◆ **Problem**: Strip the pictures, then copy the remaining data exactly as it stands.

◆ **Data section**:
__________________________________________________

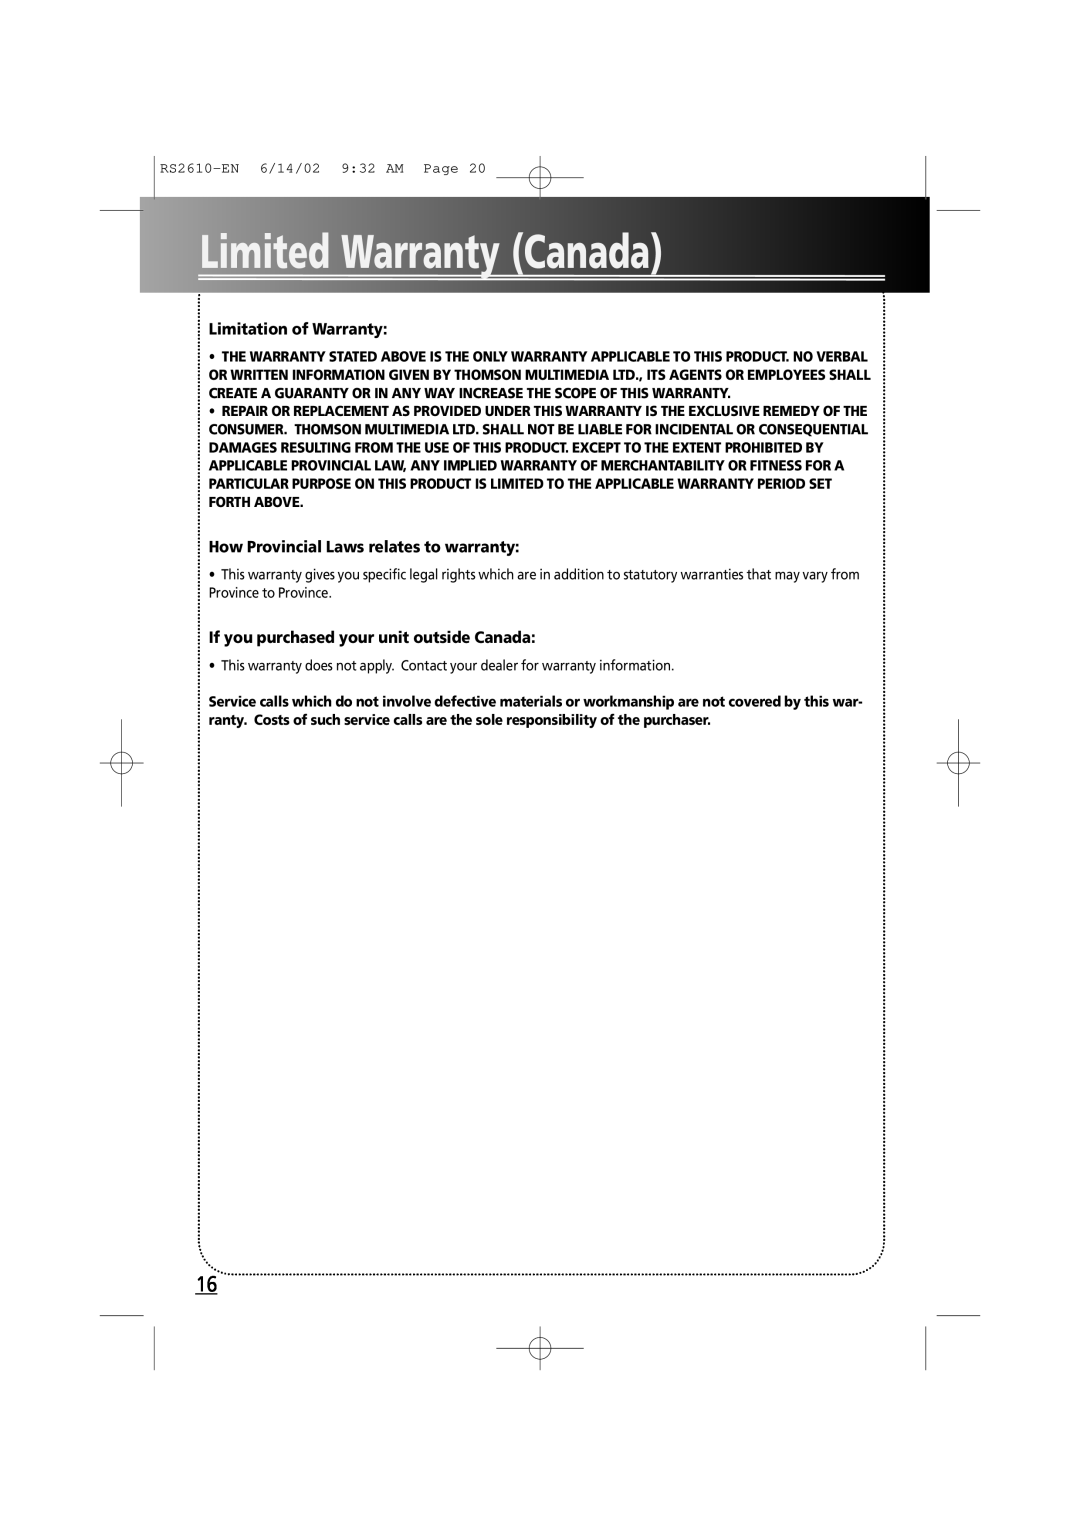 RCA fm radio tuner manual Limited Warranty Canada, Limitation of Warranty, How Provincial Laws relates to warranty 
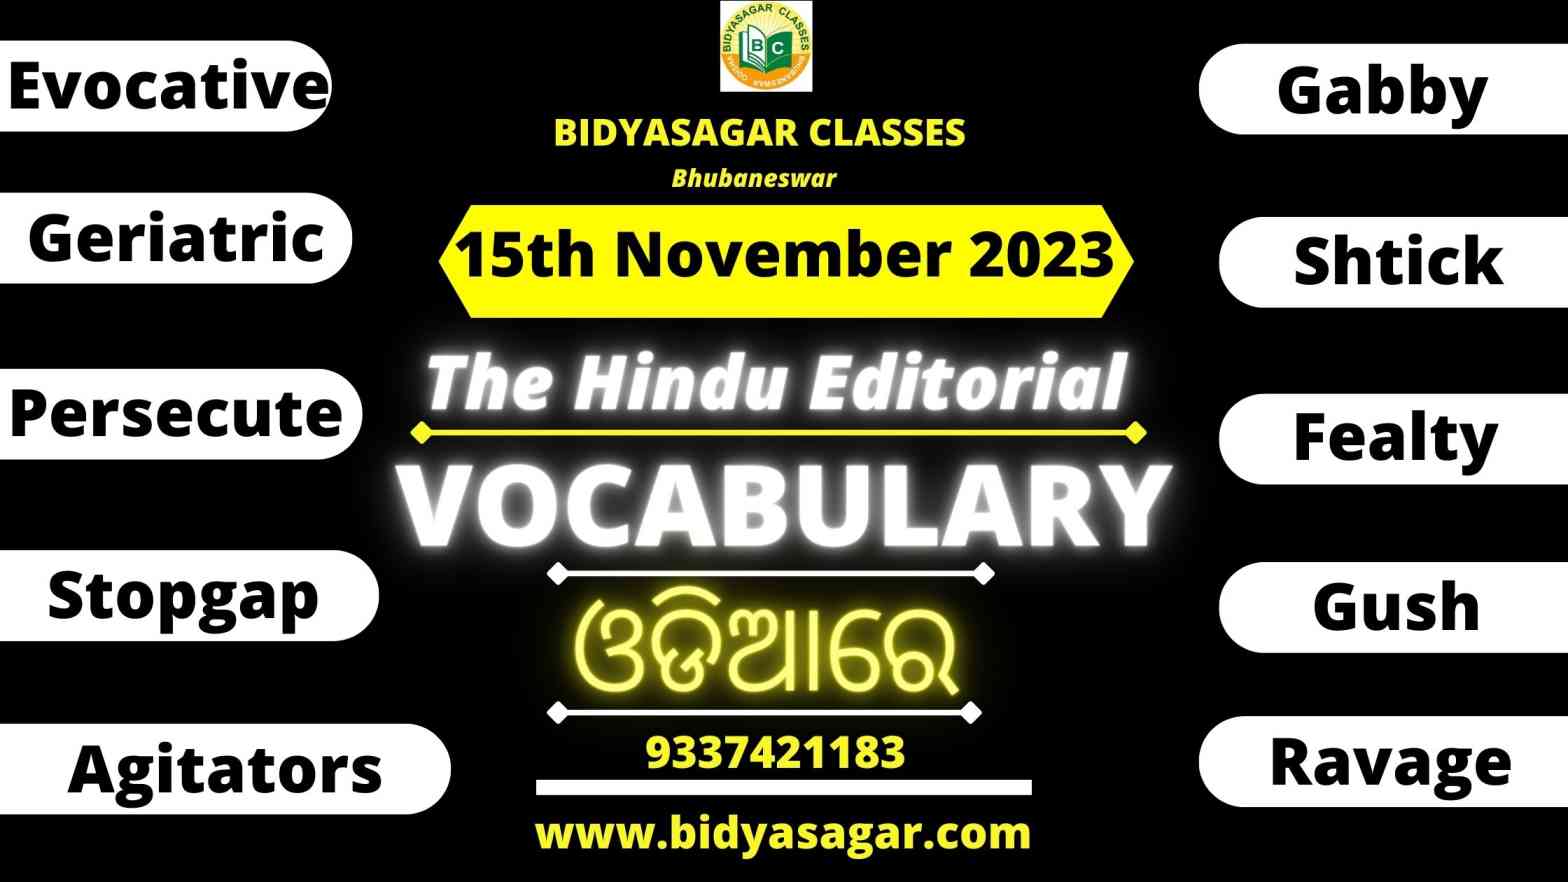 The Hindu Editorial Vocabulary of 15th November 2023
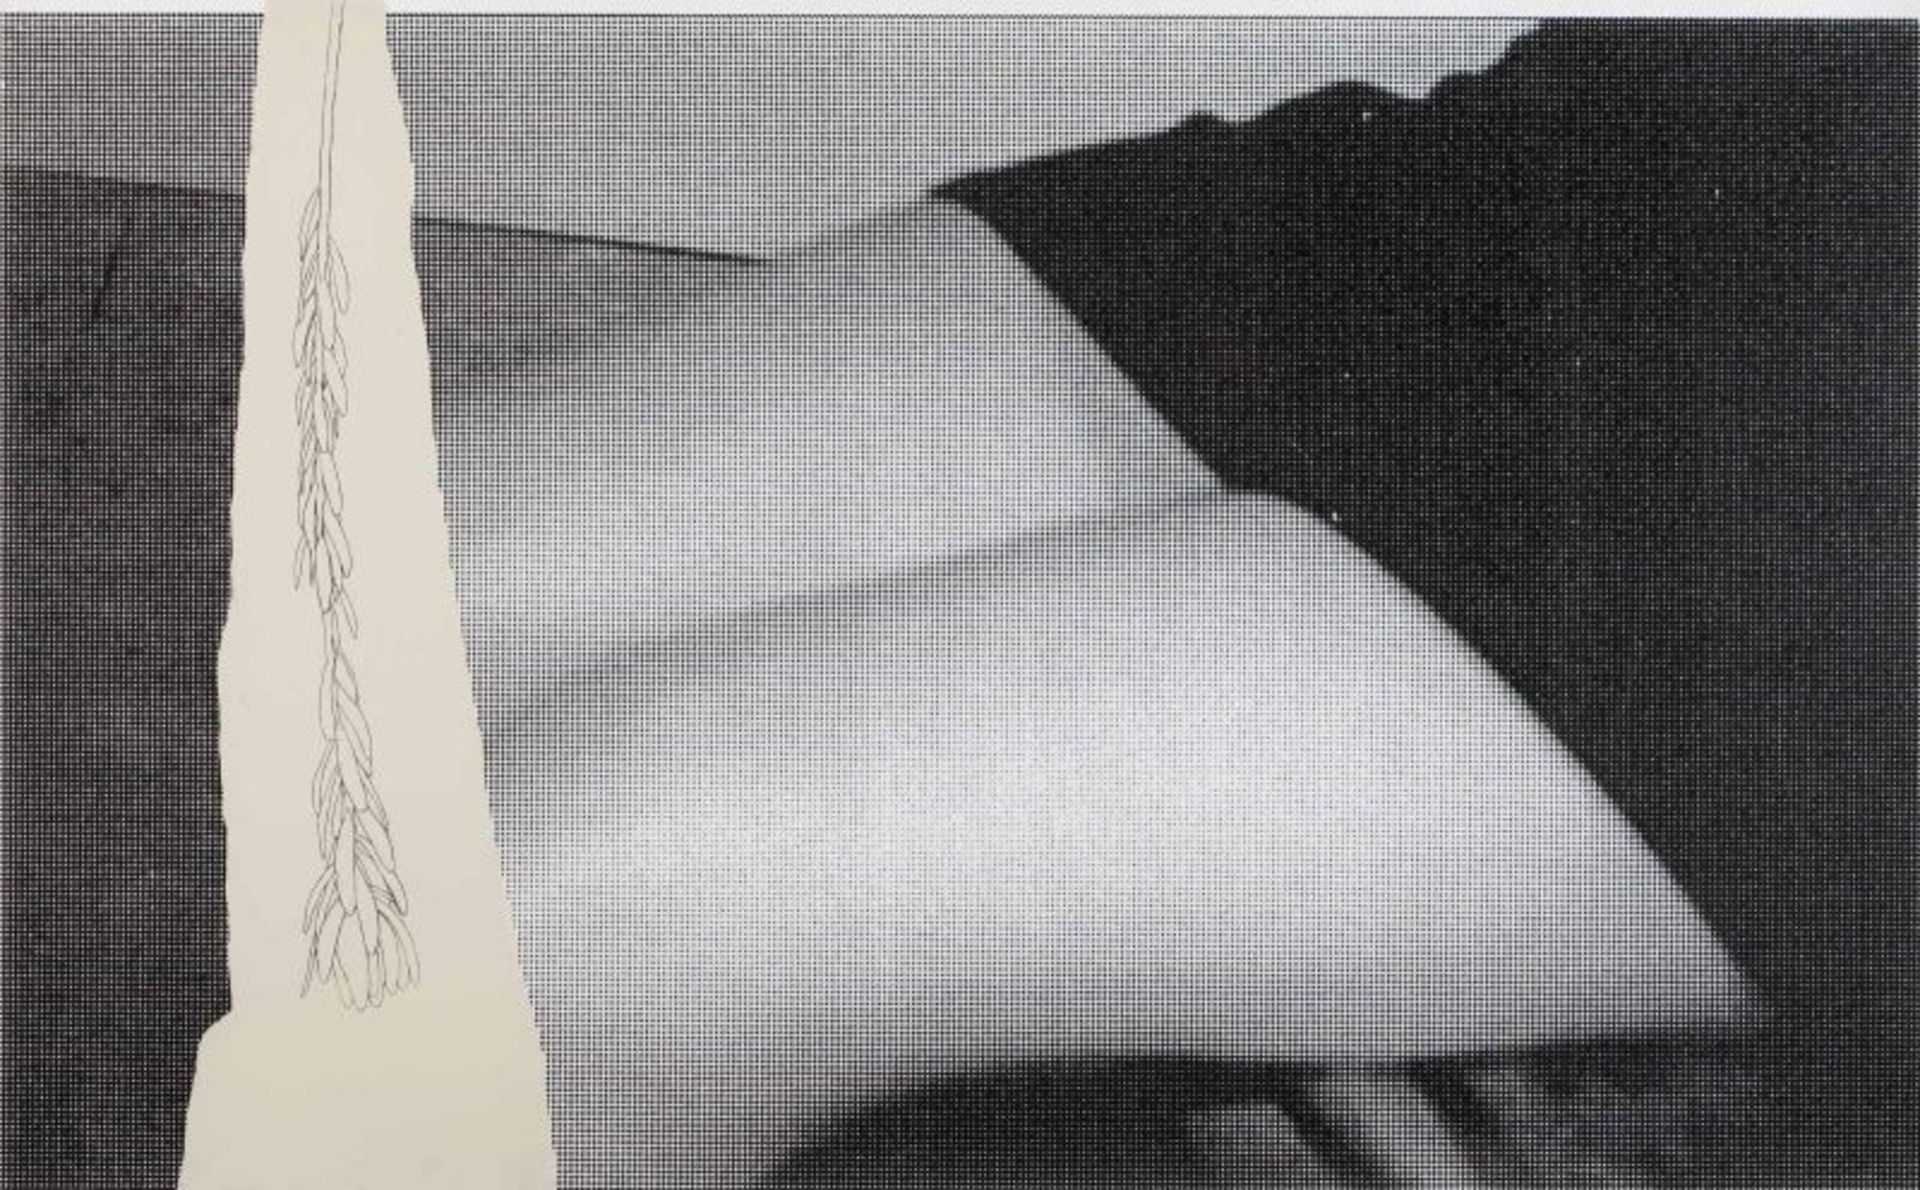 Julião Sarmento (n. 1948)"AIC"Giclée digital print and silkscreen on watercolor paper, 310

__________________________________________________

◆ **Response box**:
 RCA fm radio tuner manual Limited Warranty Canada, Limitation of Warranty, How Provincial Laws relates to warranty 
 The Hindu Editorial Vocabulary of 15th November 2023
 Julião Sarmento (n. 1948)"AIC"Giclée digital print and silkscreen on watercolor paper, 310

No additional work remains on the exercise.